Milliardeninvestitionen in Ost-Bundesländer – Trotz starker AfD
Die AfD wiederum führt milliardenschwere Investitionen in AfD-starken Ost-Bundesländern ins Feld, um die Vorwürfe, ein Hindernis für Wirtschaftswachstum zu sein, von sich zu weisen. In einer ganzen Reihe Kleiner Anfragen an die Bundesregierung im vergangenen Herbst nannte die Partei etwa das Investment Teslas in Brandenburg über vier Milliarden Euro, das Infineon-Engagement in Dresden (fünf Milliarden Euro) sowie ein Investment des taiwanesischen Chip-Giganten TSMC über zehn Milliarden Euro.
In diesem Zuge fragte die Partei außerdem nach einem wissenschaftlichen Befund dazu, welchen Zusammenhang AfD-Umfragewerte mit Investitionsabsichten von Unternehmen hätten. Laut Bundesregierung lagen den von ihr finanzierten Forschungsinstituten dazu keine Ergebnisse vor. Regierungsvertreter, die sich in der Vergangenheit zur AfD als Wirtschaftsrisiko geäußert hatten, hätten dies durch Meinungsbildung über öffentlich zugängliche Studien aus anderen Quellen getan.

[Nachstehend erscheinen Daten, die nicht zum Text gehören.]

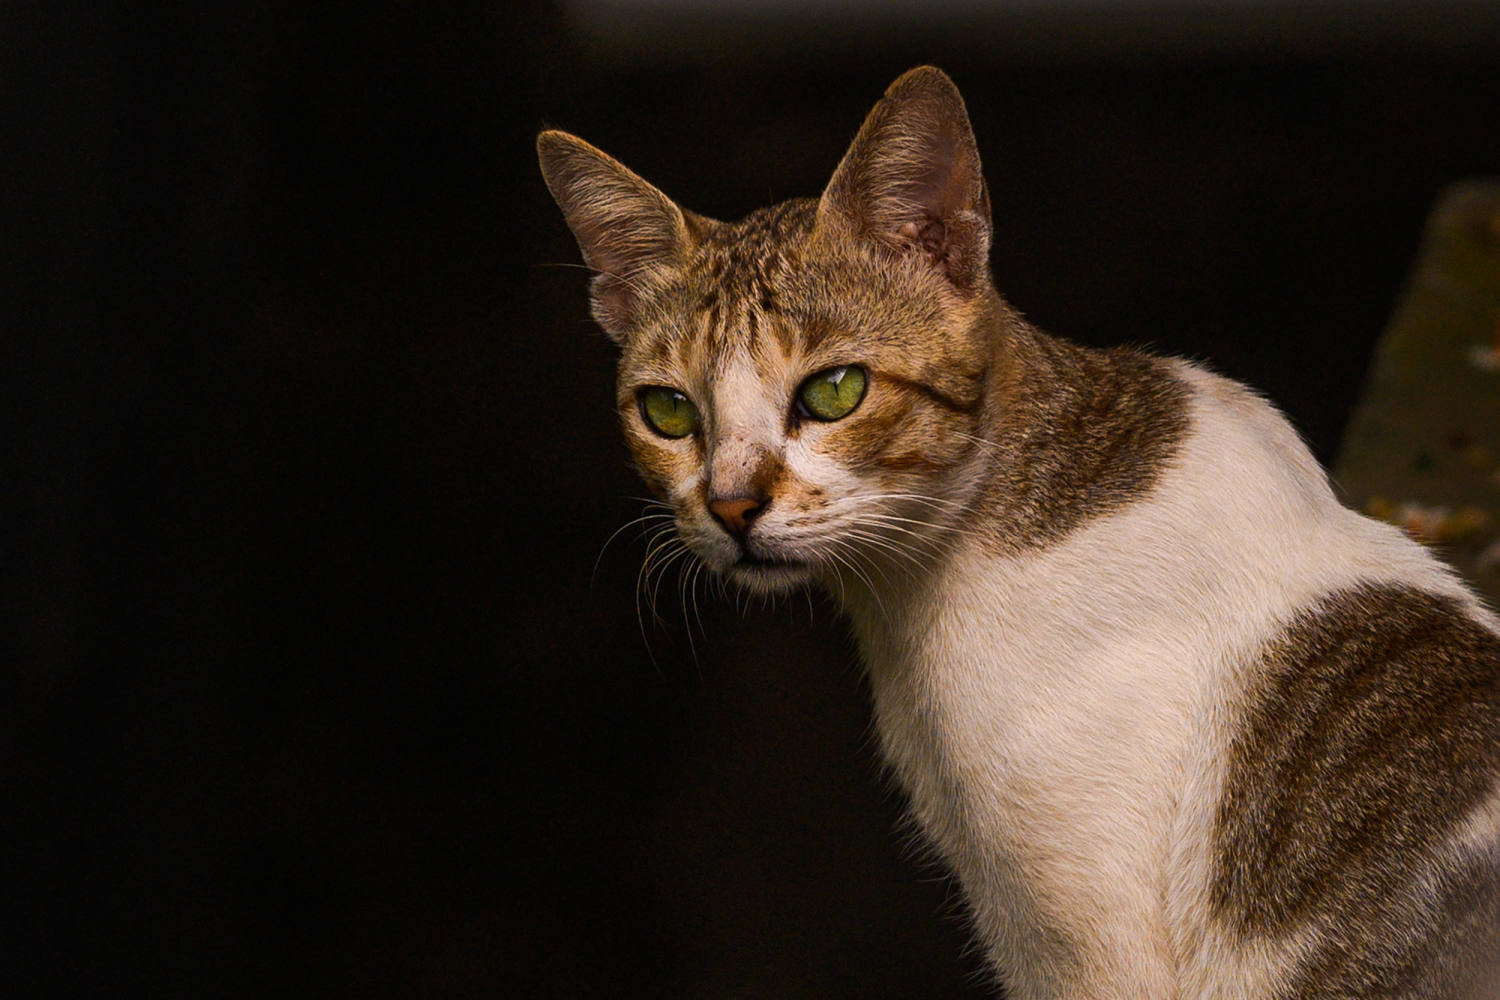 Oregon’s first case of human plague in 8 years likely came from a pet cat

„Deindustrialisierung ist in vollem Gange“
Für die Entscheider innerhalb der großen Unternehmen gibt es dagegen ganz andere Faktoren als Fremdenfeindlichkeit und Willkommenskultur, was ihre Investitionen angeht. Unternehmen wie Miele, Bosch und Meyer Burger, die in den vergangenen Monaten alle in der einen oder anderen Form einen Rückzug aus Deutschland angekündigt hatten, kritisieren vorrangig die überbordende Bürokratie, hohe Strompreise und teure Steuern.
„Die Deindustrialisierung Deutschlands ist in vollem Gange“, erklärte Harald Müller, Geschäftsführer der Bonner Wirtschafts-Akademie (BWA), dazu gegenüber dem Fachmagazin produktion.de. Seiner Meinung hach haben viele Unternehmen die Herausforderungen, die im Zuge der Energiewende auf sie zukommen, als größeren Risikofaktor identifiziert. Mit einer Abwanderung ins Ausland schützen sie sich davor. Ganze Wirtschaftszweige sollen gänzlich aus dem Land verschwinden, prognostizierte Müller.

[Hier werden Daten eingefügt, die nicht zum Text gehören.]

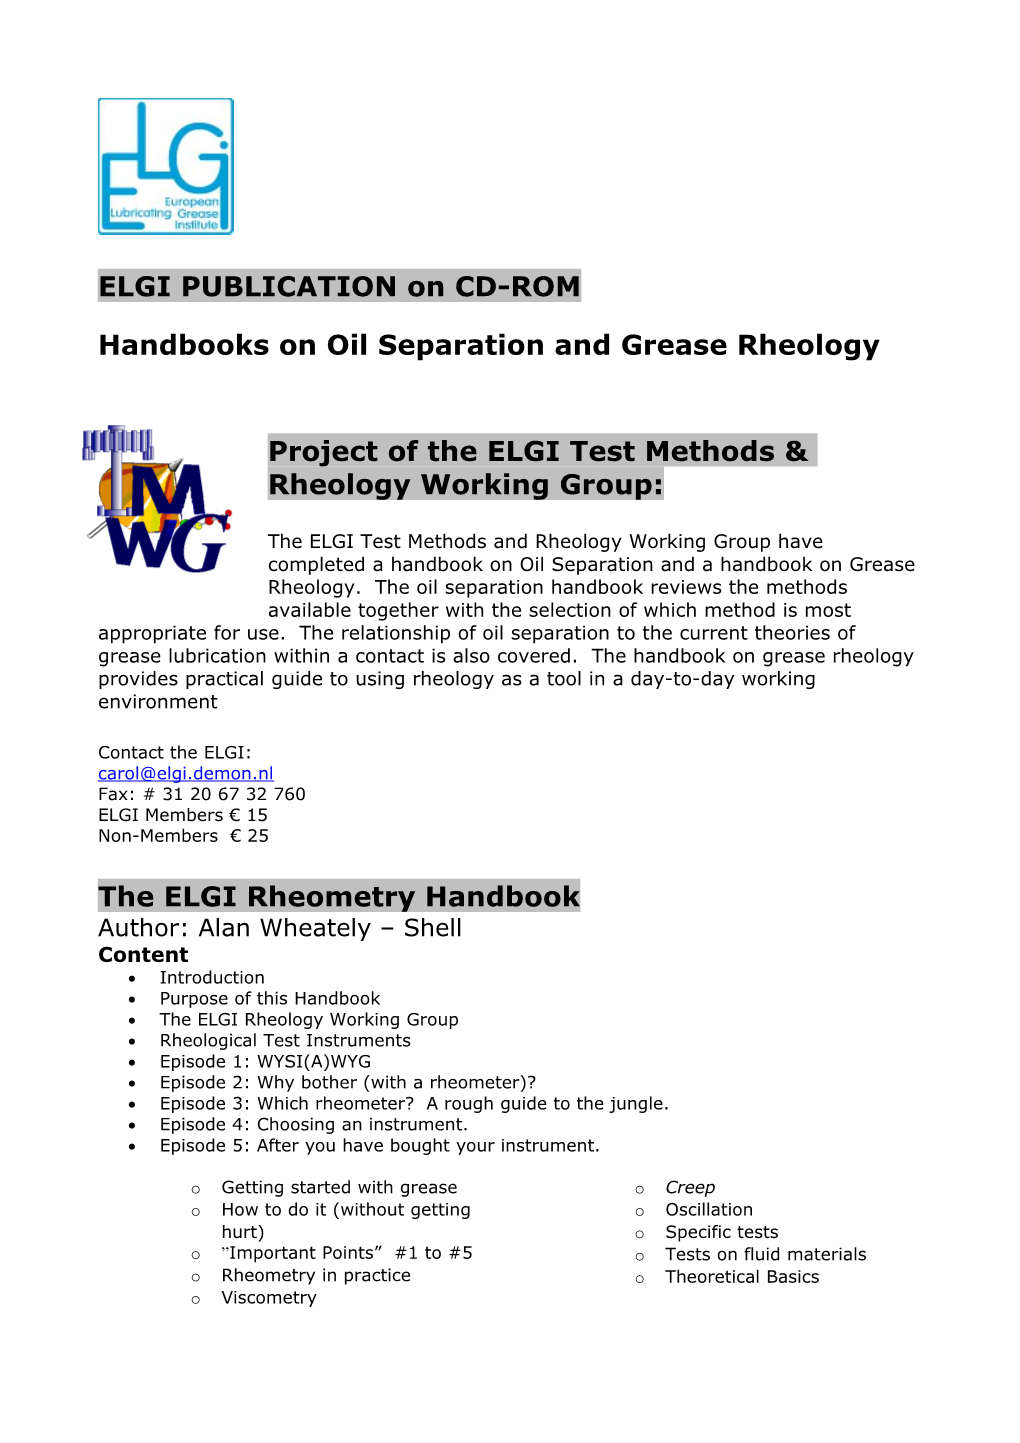 Project of the ELGI Test Methods & Rheology Working Group

Bundesregierung sucht nach Lösungen
Das zeigt eine signifikante Schere in der Entscheidungsfindung von Arbeitgebern und -nehmern. Die Bundesregierung versucht aktuell, mit Maßnahmen wie dem Wachstumschancengesetz einen Umschwung einzuleiten. „Das Bundesministerium für Wirtschaft und Klimaschutz (BMWK) setzt ein breites Portfolio an Maßnahmen ein, das Unternehmen aus Schlüsselbranchen unterstützt“, teilte die Bundesregierung in diesem Rahmen mit. Unter anderem stelle sie Förderprogramme zur Verfügung, die sich auf Forschung und Entwicklung konzentrieren. Diese zielen auf die Stärkung der Innovationskraft, technologische Souveränität und Wettbewerbsfähigkeit.